Use of Consultants and Advisors: We engage various third-party cybersecurity service providers to assess and enhance our cybersecurity practices and assist with protection and monitoring of our systems and information, including with respect to, network monitoring, endpoint protection, vulnerability assessments and penetration testing. We engage cybersecurity consultants, auditors, and other third parties to assess and enhance our cybersecurity practices, such as a third-party consulting firm to evaluate our cyber processes including an assessment of our incident response procedures.
We have processes to evaluate third-party service providers and vendors that have access to sensitive systems and company and customer data, which may include due diligence procedures such as assessments of that service provider’s cybersecurity posture or a recommendation of specific mitigation controls. Following an assessment, we determine and prioritize service provider risk based on potential threat impact and likelihood, and such risk determinations drive the level of due diligence and ongoing compliance monitoring required for each service provider.
Board Oversight and Management’s Role: The Board of Directors, both directly and through the delegation of responsibilities to the Audit Committee oversees the proper functioning of our cybersecurity risk management program to ensures strategic alignment and governance of our cybersecurity efforts at the highest level. All of the Audit Committee members are independent directors. In particular, the Audit Committee assists the Board in its oversight of management’s responsibility to assess, manage and mitigate risks associated with our business and operational activities, to administer our various compliance programs, in each case including cybersecurity concerns, and to oversee our information technology systems, processes and data.

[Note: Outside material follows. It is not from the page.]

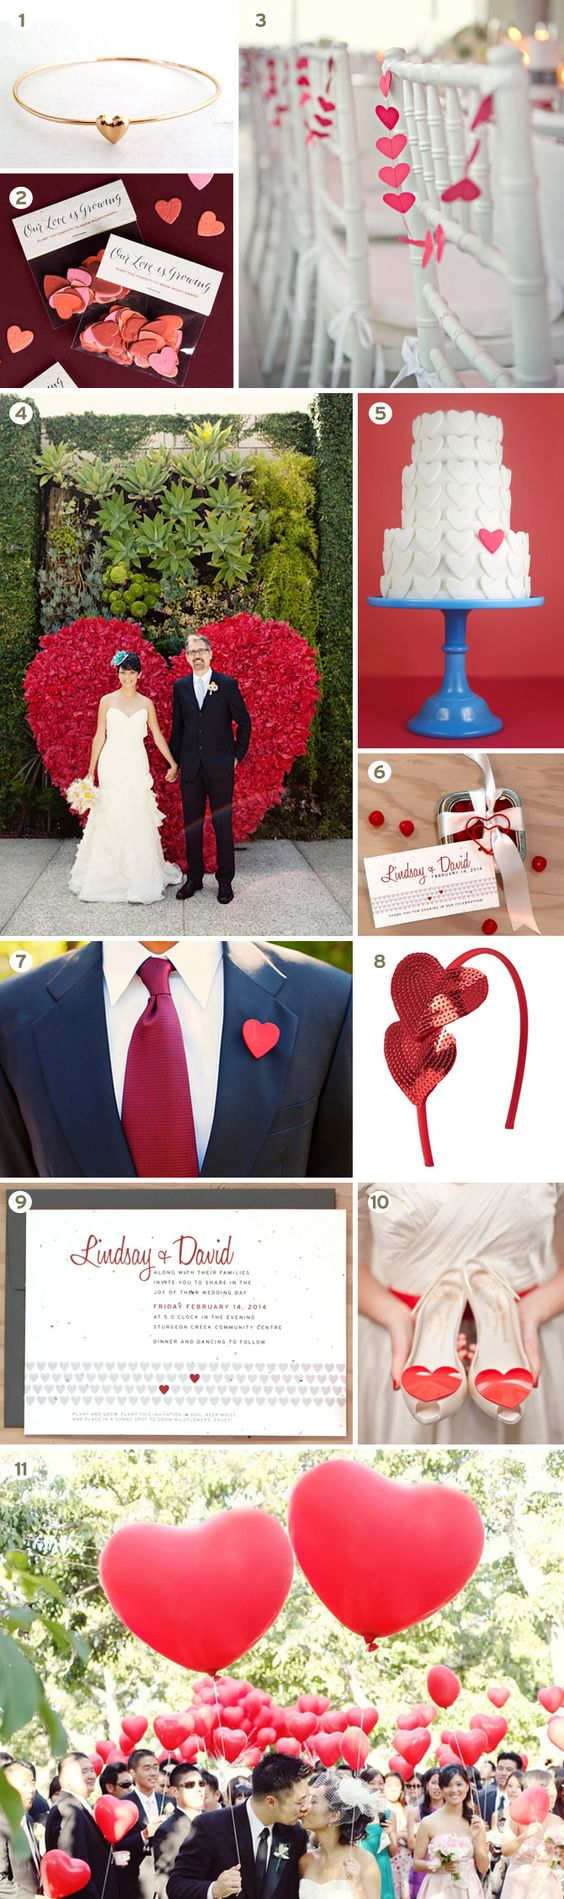 Matrimonio a tema cuori – Inspiration Weekend

Management has implemented risk management structures, policies and procedures, and Management is responsible for our day-to-day cybersecurity risk management. Our Chief Data and Information Officer, or CDIO, is responsible for our day-to-day assessment and management of cybersecurity risks. Our Information Technology and Cybersecurity function has extensive experience in overseeing cybersecurity programs, managing information security operations, and facilitates a cross-departmental approach, ensuring the executive leadership team receives quarterly updates on cybersecurity from various teams. This strategy promotes a comprehensive stakeholder engagement and enhances management oversight on cybersecurity. The updates cover progress on ongoing cybersecurity initiatives, insights from any potential threats or incidents, outputs and action plans from external vulnerability and penetration tests, and key performance metrics in line with industry standards.

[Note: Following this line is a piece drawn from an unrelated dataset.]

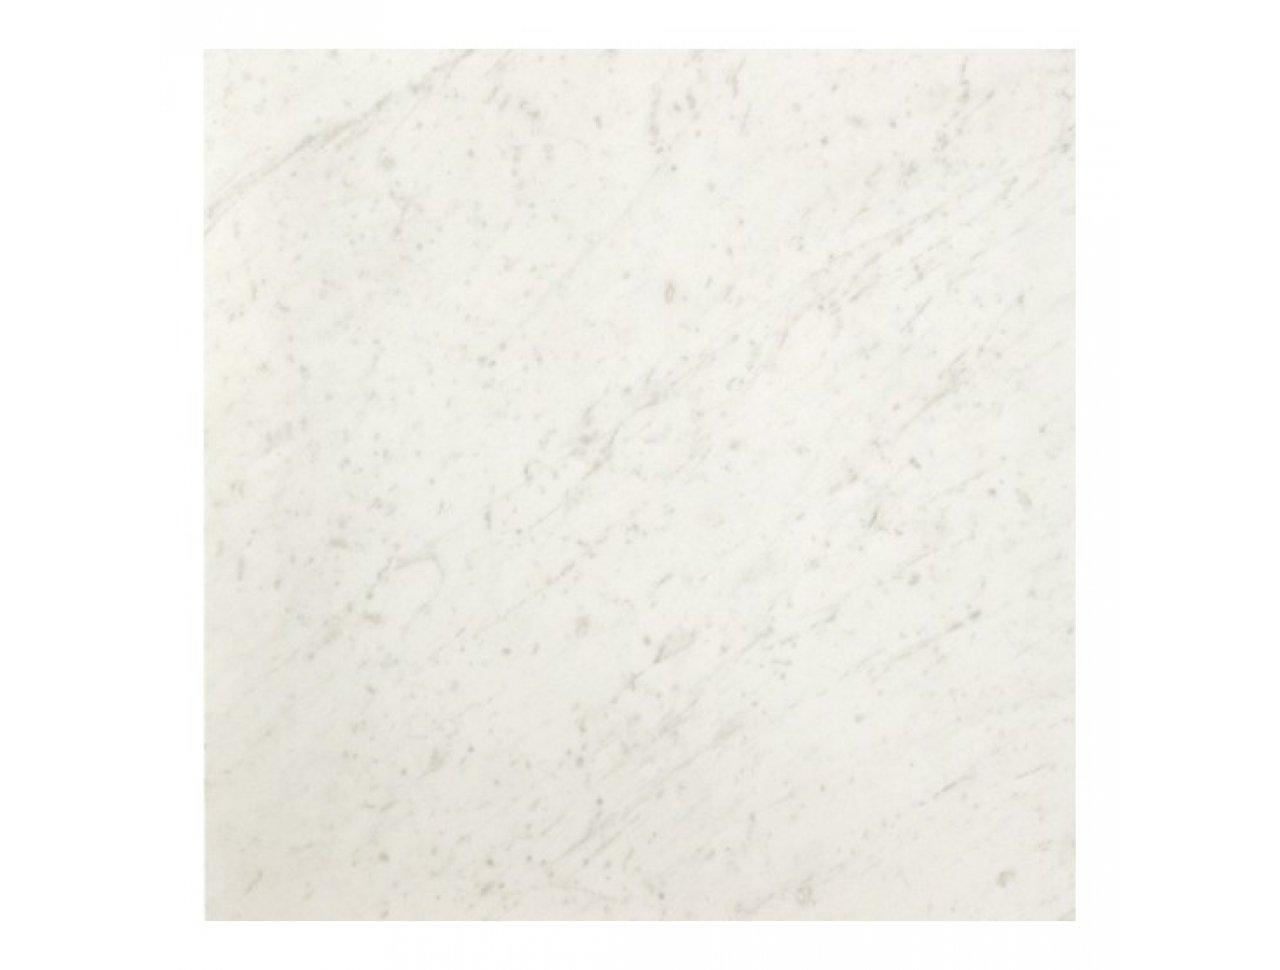 Напольная плитка FAP Roma Diamond Carrara Brillante 60 x 60 см, Арт. fNES

Risks from Material Cybersecurity Threats: Despite ongoing threats like cyber-attacks, phishing, and ransomware, we have not identified any cybersecurity threats that have materially affected or are reasonably anticipated to have a material effect on our business strategy, results of operations or financial condition. Our proactive security measures, alongside those of our third-party vendors, aim to protect our information technology systems and the sensitive data they hold. Although these risks have not yet materially impacted our business, we remain vigilant, continuously monitoring and adapting to evolving cybersecurity threats.